Mohamed Bazoum, Niger’s democratically elected president, has not fed well in the past few days. He says the military junta that overthrew him is treating him badly in isolation.
He laments that they are refusing to transfer power by keeping him in isolation and making him eat only dry rice and pasta.
In a series of texts to a friend, Bazoum said that the CNN had access to the fact that he had been “deprived of all human contact” since Friday.
He made it known that no one had been bringing him food or medicine.
Lack Of Electricity
The elected president claimed that since Nigeria cut off the electricity in response to the coup, all Nigerien citizens have been experiencing a week-long period of living without electricity.
He says all of the perishable food supplies had since gone bad, and he is now eating dry pasta and rice.
Though denied the chance to speak with acting US Deputy Secretary of State Victoria Nuland during her visit to Niamey, the Nigerien capital, on Monday, Bazoum has been in contact with the outside world.
Bazoum In High Spirits
Also, the prime minister in Mohamed’s government, Ouhoumoudou Mahamadou, told French TV that the president was in good spirits despite being held in a “catastrophic situation”.

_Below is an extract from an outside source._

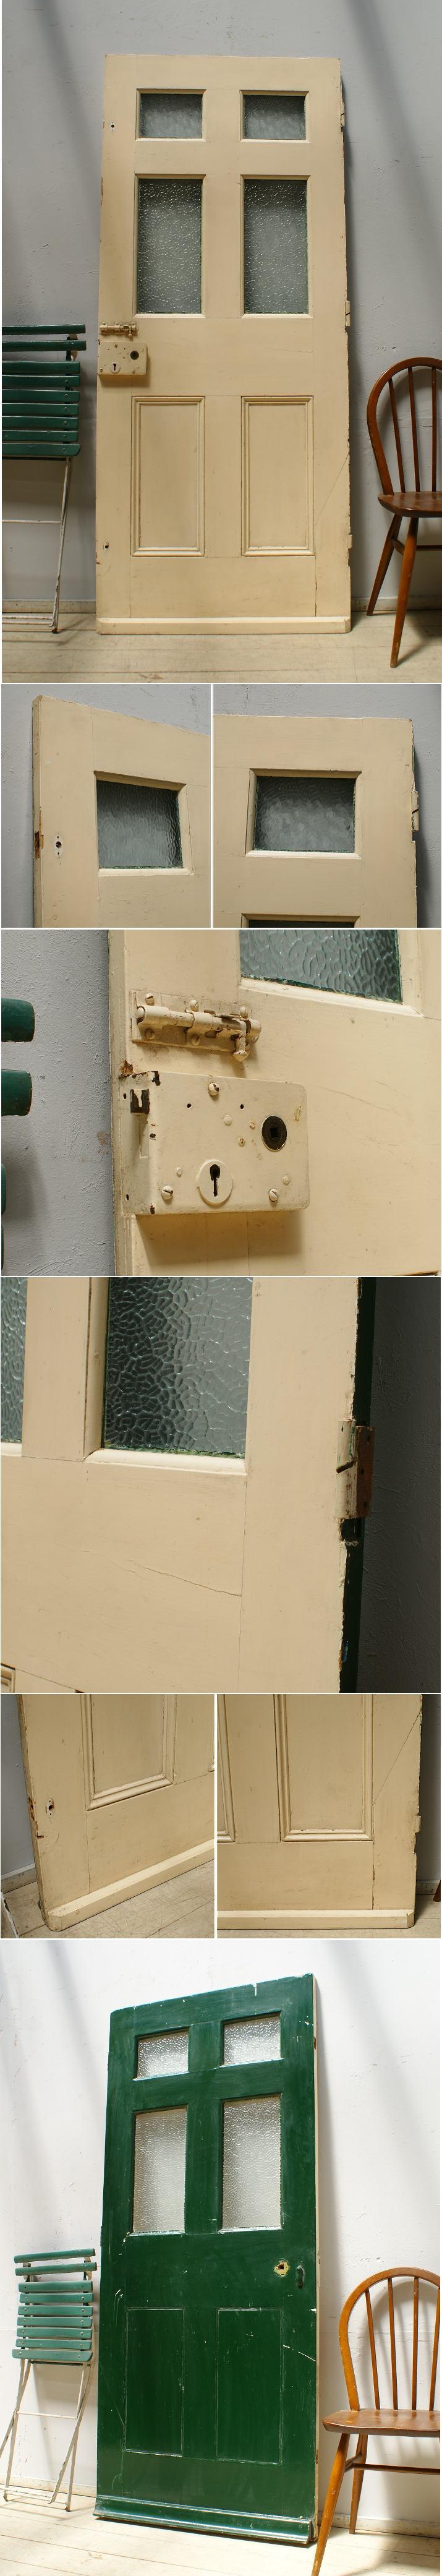 イギリス アンティーク ガラス入り木製ドア 扉 ディスプレイ 建具 6267

Nuland’s meeting on Monday with senior coup leaders lasted more than two hours, consisting of “extremely frank and at times quite difficult” conversations.
A Tuesday face-to-face meeting that was supposed to take place in Niamey between the junta and representatives from the United Nations, the Economic Community of West African States (ECOWAS) was canceled at short notice.
Junta leaders said in a letter that the postponement of the meeting was “necessary” in “this atmosphere of threatened aggression against Niger”.
Dialogue With ECOWAS
However, Mahamadou, Bazoum’s prime minister, told French state-funded broadcaster TV5-Monde that the junta would like to continue dialogue with ECOWAS, the bloc that has been leading the regional response to the political crisis in Niger.
Also Read: ECOWAS Issues Fresh Sanctions Over Niger Coup
ECOWAS leaders are due to meet on Thursday in Nigeria to discuss the coup, though specifics regarding the gathering remain unclear.
The regional bloc had given the junta one week to return to their barracks and reinstall Bazoum, but that deadline came and went on Sunday without any change.